The Word: The dying art of photo editing

 Ion Paciu, founder of the Photoion Photography School, explores the pros and cons of instant photo editing, and how editing has changed over the years


Traditional photo editing is something that every photographer needs in their toolkit to use at the final stages of capturing an image. Editing is a tool that should not be heavily relied on by a skilled photographer, it’s something that should be used during the image workflow which is the process of “finishing” your images after uploading your raw files to your computer; making minor tweaks to improve the information captured by the camera. But depending on the industry and type of photography some images only need one minute of editing while others need hours.

Over recent years, the media and the general public have relied heavily on photo editing programmes to achieve the perfect image, and this has also evolved with technology. I think the development of smartphones and photo editing apps is fantastic, as they allow everyone to capture images on the go and, to an extent, edit pictures; however there is no substitute for quality - detailed photo editing and apps will never replace this.

Recent research revealed approximately 68% of adults will not share their images without editing them first, either being a raw or a jpg image. The rest share their images as they come off the camera.

Our survey quizzed Brits on the motives behind the editing of images, and found that the majority (96%) of those who do use editing tools or apps do so before uploading images to social media sites including Instagram, Facebook and Pinterest.

The rise in these apps and social media sites is creating a false sense of perfection when it comes to images and a social trend for many. It also shifts the skills of photography from capturing an image to the workflow stages. So is it true that the more we can minimise the editing aspect of photography the more we can capture our photographs for authenticity and honesty?

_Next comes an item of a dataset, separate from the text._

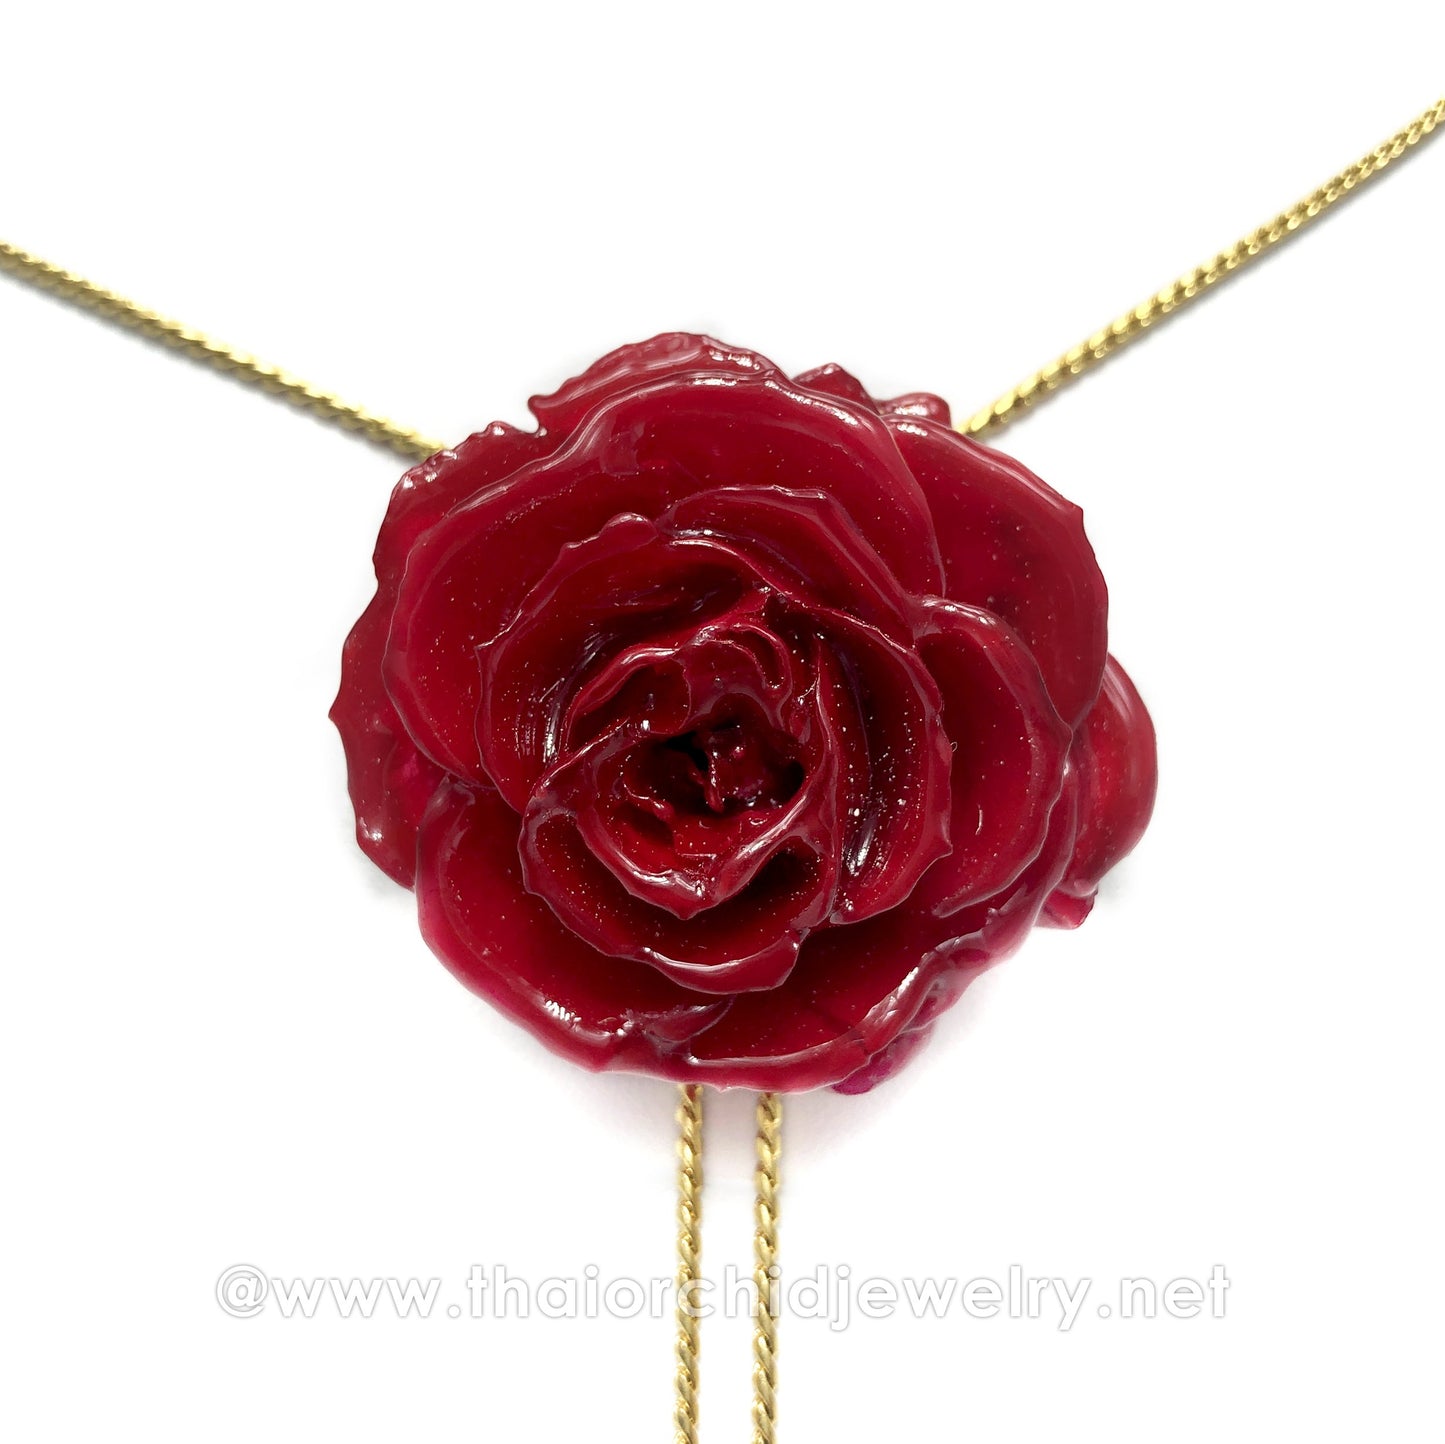 Mini Rose Mini 1.5-2.25 inch Pendant Necklace 18 inch Gold Plated 24K (Red)

When working with professional photo editing software you can enhance and finish your images without reducing the quality of them for printing and displaying. In comparison, images edited in apps such as Instagram and Facebook reduce image size and quality which restricts your use to sharing them online and not for printing as the final image result suffers in terms of quality. For example, the colour replacement tool in Photoshop allows you to change the colour while maintaining the highlights and shadows of the original image. Applying a pre-set filter from an app affects the whole range of elements of an image.

As social media is focused on what’s happening now everything becomes instant and images are rushed, people tend not to take the time to edit images properly before they are shared publicly because everyone wants to live-post what’s happening. These images are capturing memories, but after 24 hours are lost on a person’s news feed.

At Photoion we host workshops and sessions with students and tend to highlight the importance that the art of photography is in capturing an image and not just in the workflow stages. I host Photoshop workshops and one to one sessions every month to assist all skill levels on post-production photography. The workshops help students make educated and effective choices about their own images in order to prepare them to be displayed or printed. Many of my students are surprised how little editing is needed on some of their images which have been properly composed at the outset. 

I am very passionate about my work and feel that social media is a huge part of our everyday lives when it comes to sharing images. Social media will continue to develop the way in which we share images, but the downside is that people will not print and store their own images anymore, and quality will be lost due to the rise of these instant editing apps.